Мать Таниного мальчика недоверчиво вглядывается в меня.

— Если бы ты правда могла это сделать… — говорит она наконец неуверенно. — Я сегодня уезжаю в экспедицию. У меня сын остается совсем один. А тут еще эти коты!

Так он действительно ее сын! Я — гений!

— Пожалуйста, не беспокойтесь. Я их всех, всех раздам. Честное слово! У меня есть подруга Таня. Завтра мы с ней вместе придем за котятами.

— А вы не могли бы сегодня?

— Сегодня? Нет, у нас завтра экзамен. Мы тогда сразу после экзамена придем.

— Ну хорошо. Я уезжаю, но мой сын будет вас ждать. В пять часов. Его зовут Виктор. Постой! А ведь одного котенка ты собиралась взять сейчас!

Иду домой. Котенок сидит у меня в кармане жакета. Выглядывает только голова, пушистая, серая с голубым отливом. И глаза у котенка тоже голубые. А уши расположены скорее на шее, чем на голове. Очевидно, уши у котят с возрастом мигрируют. Если брать каждый день по одному котенку, у Тани с Виктором будет пять свиданий!

А я сейчас зайду домой, переоденусь и пойду к Кириллу. Я ему отнесу этого котенка. Я бы ни за что сама просто так не пошла к нему. Но ведь я приду по общественному делу от класса, и в этом не будет ничего особенного.

Интересно, если бы Кирилл узнал, что у меня так со школой получилось, он бы стал переживать?

Вообще я знаю — Кирилл за меня переживает. Один раз, когда я еще совсем маленькая была, папа при Кирилле начал меня ругать. Так у Кирилла лицо все перекосилось, и он вступился за меня. Мне потом так хотелось, чтобы папа еще как-нибудь меня при Кирилле поругал. Но папа при нем больше не ругал.

Я сегодня так испугалась, когда папа сказал, что знает, почему я перестала заниматься. Я решила, что он про Кирилла догадался. А он про Таню и Любу. Уж Таня-то здесь совсем ни при чем. Знал бы он, сколько она сил тратит, чтобы я перестала думать о Кирилле и занималась. Только уж с этим ничего поделать нельзя. Не думать о Кирилле я не могу. Я думаю о нем каждую минуту, каждую секунду, каждые полсекунды.

…А ведь это очень даже удачно, что меня из школы «выгоняют». Я буду учиться в школе, которая находится напротив его дома. Как это мне раньше в голову не пришло. Ведь я смогу целыми днями смотреть на его окна. А выходить из школы постараюсь в тот момент, когда он будет идти из института.

Таню и Любу я буду видеть после школы. И комсоргу Семеновой облегчение: меньше одним неуспевающим.

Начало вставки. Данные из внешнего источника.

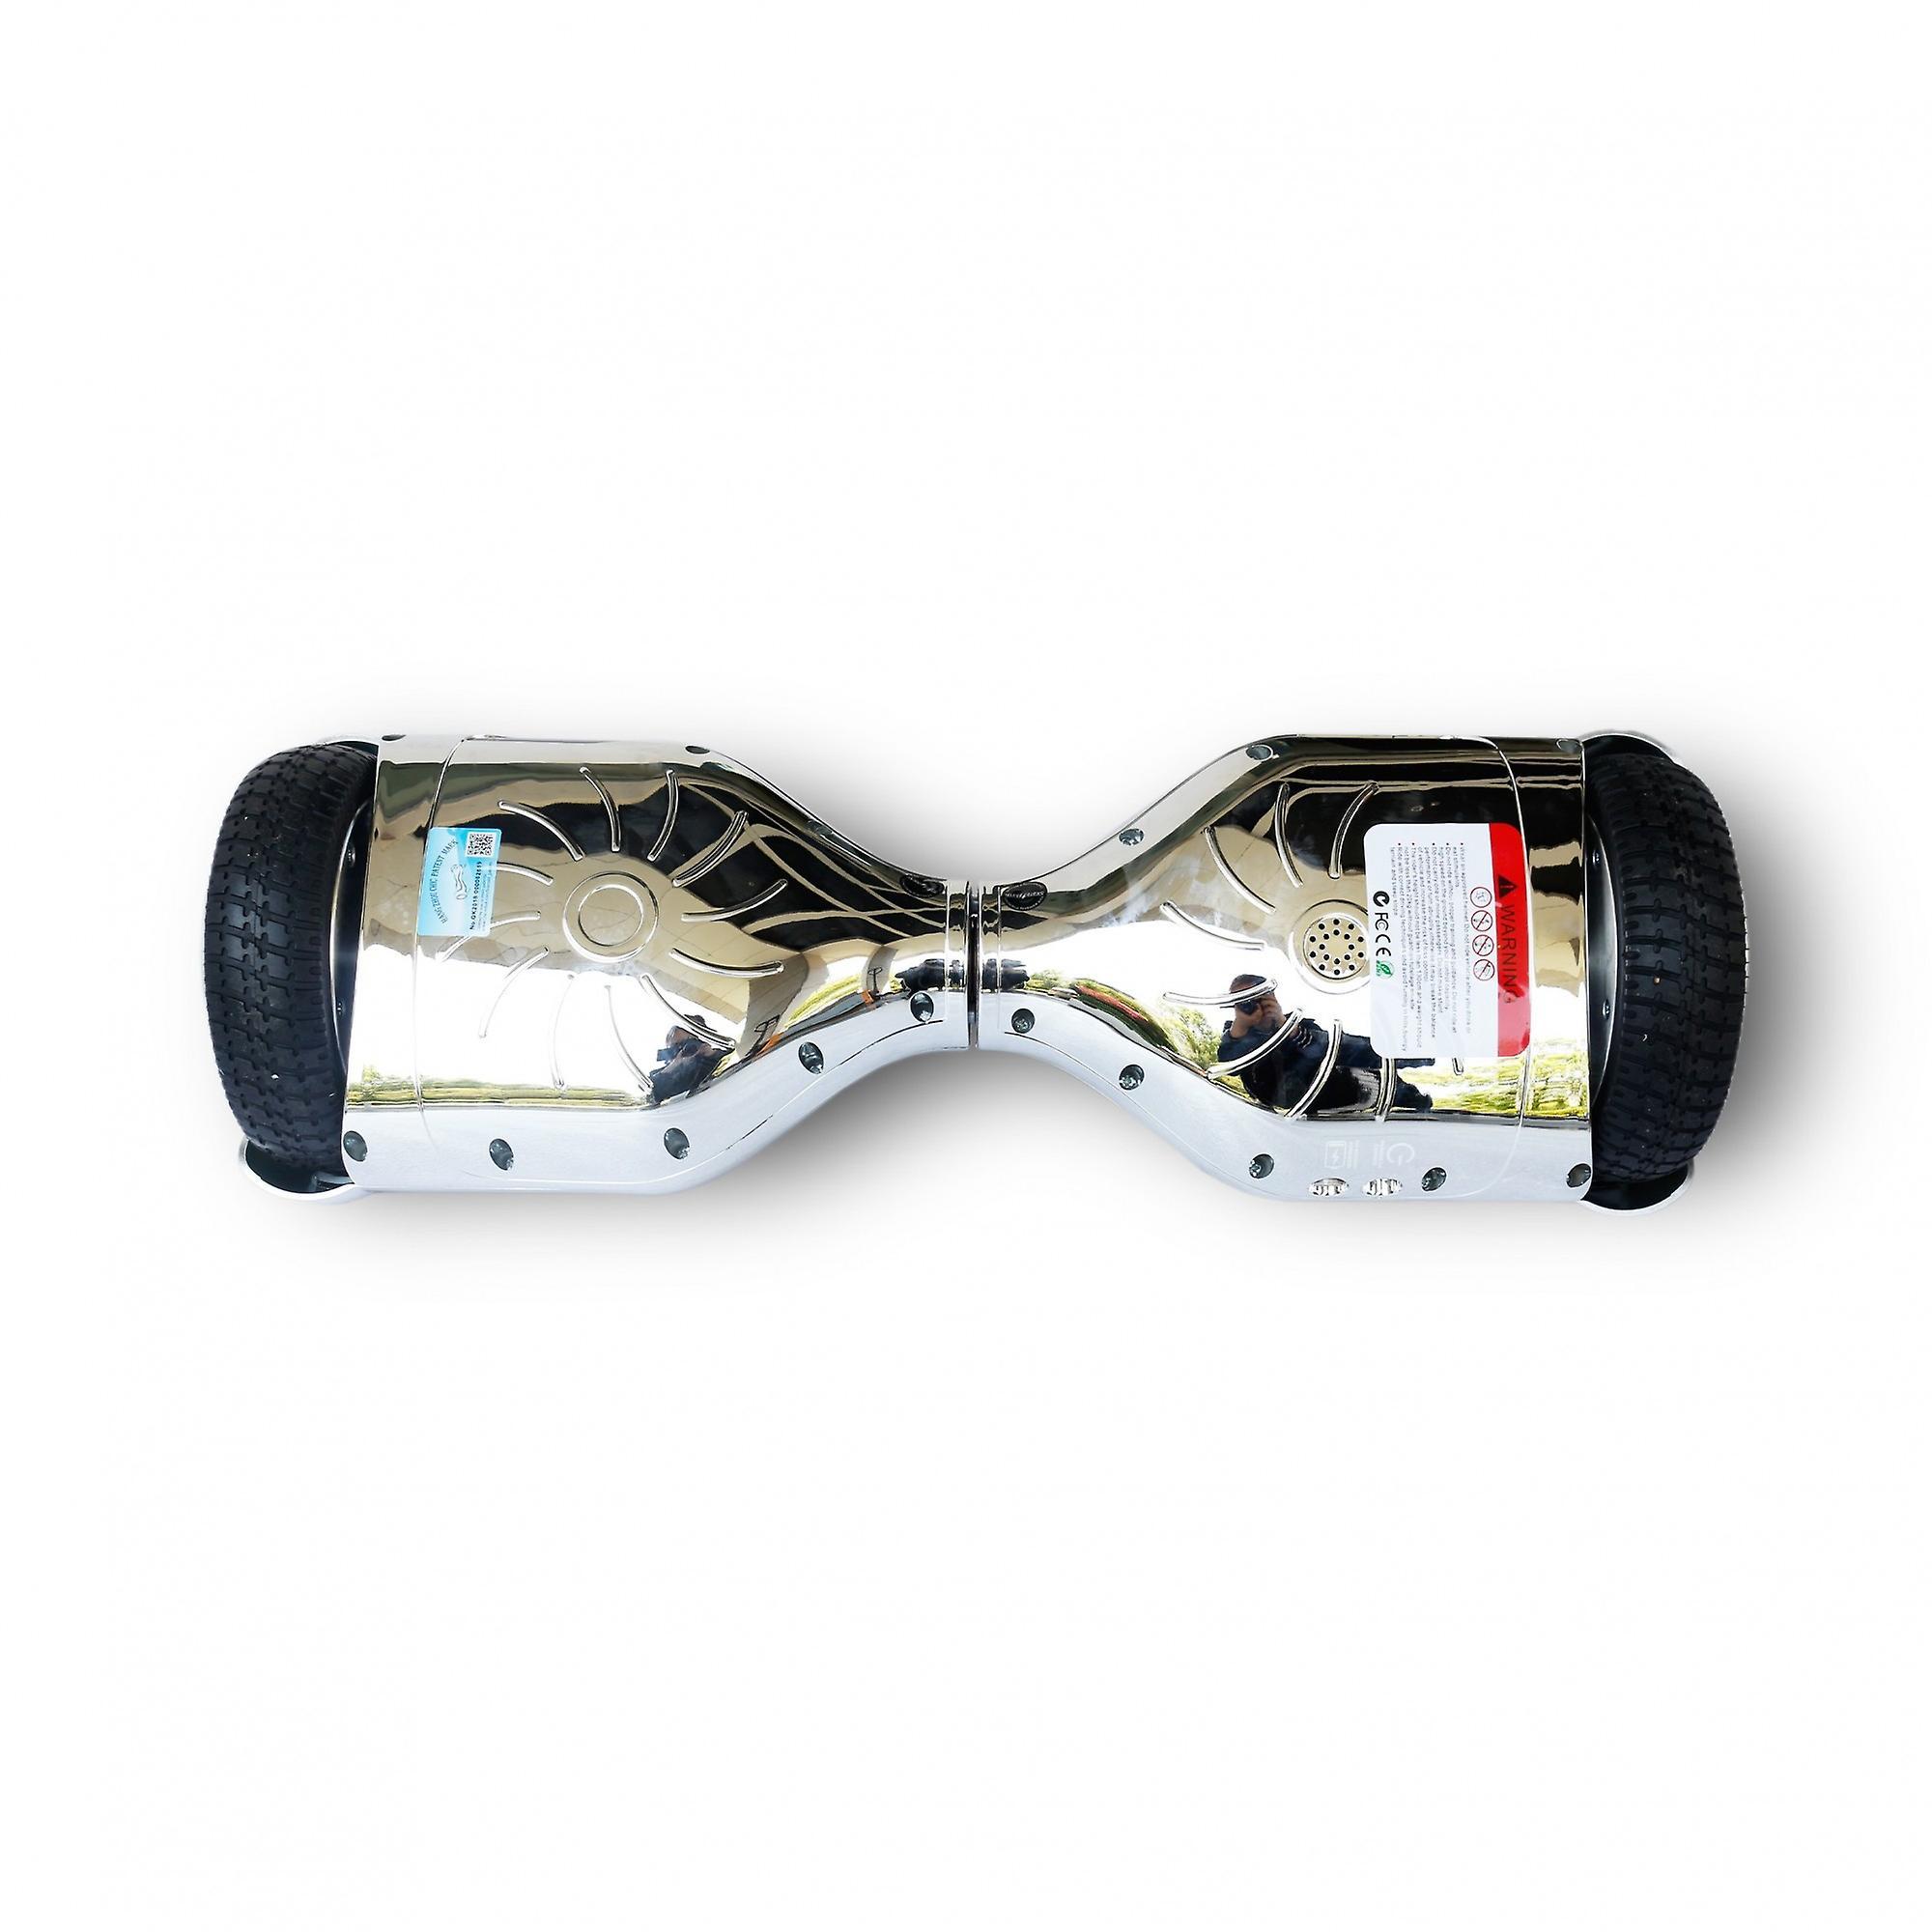 Hoverboard Skateflash K6 Chrome Silver Bluetooth + Transport Bag

А Евдокия меня просто невзлюбила. Все началось после истории с тарелкой. Папа мне не верит, но разговаривать с ней абсолютно бесполезно.

В наших окнах светло. У меня не хватит терпения ждать, пока родители уйдут. Может быть, не заходить домой? Но мне так хочется надеть розовое платье. Оно новое, Кирилл еще его не видел. У этого платья бока в оборках, и талия от этого получается очень тонкая. И потом, когда я надеваю что-нибудь новое, я меньше сутулюсь. Даже сама не знаю почему. Когда Кирилл мне сказал: «Слабо тебе ходить прямо», я сначала на него обиделась. Но потом я подумала и решила, что ведь это, наверное, даже очень хорошо, раз ему хочется, чтобы я ходила прямо. Надо будет еще ленты розовые заплести…

На лестничной площадке слышно, как мама с кем-то разговаривает по телефону.

— Так вы ей скажете? Я вас очень прошу. Нет, мы бессильны. Поможет. Я уверена. Всего доброго.

Вставляю ключ в замок.

— Постойте, Кирилл!

Вздрагиваю и замираю, боясь пропустить хоть одно слово.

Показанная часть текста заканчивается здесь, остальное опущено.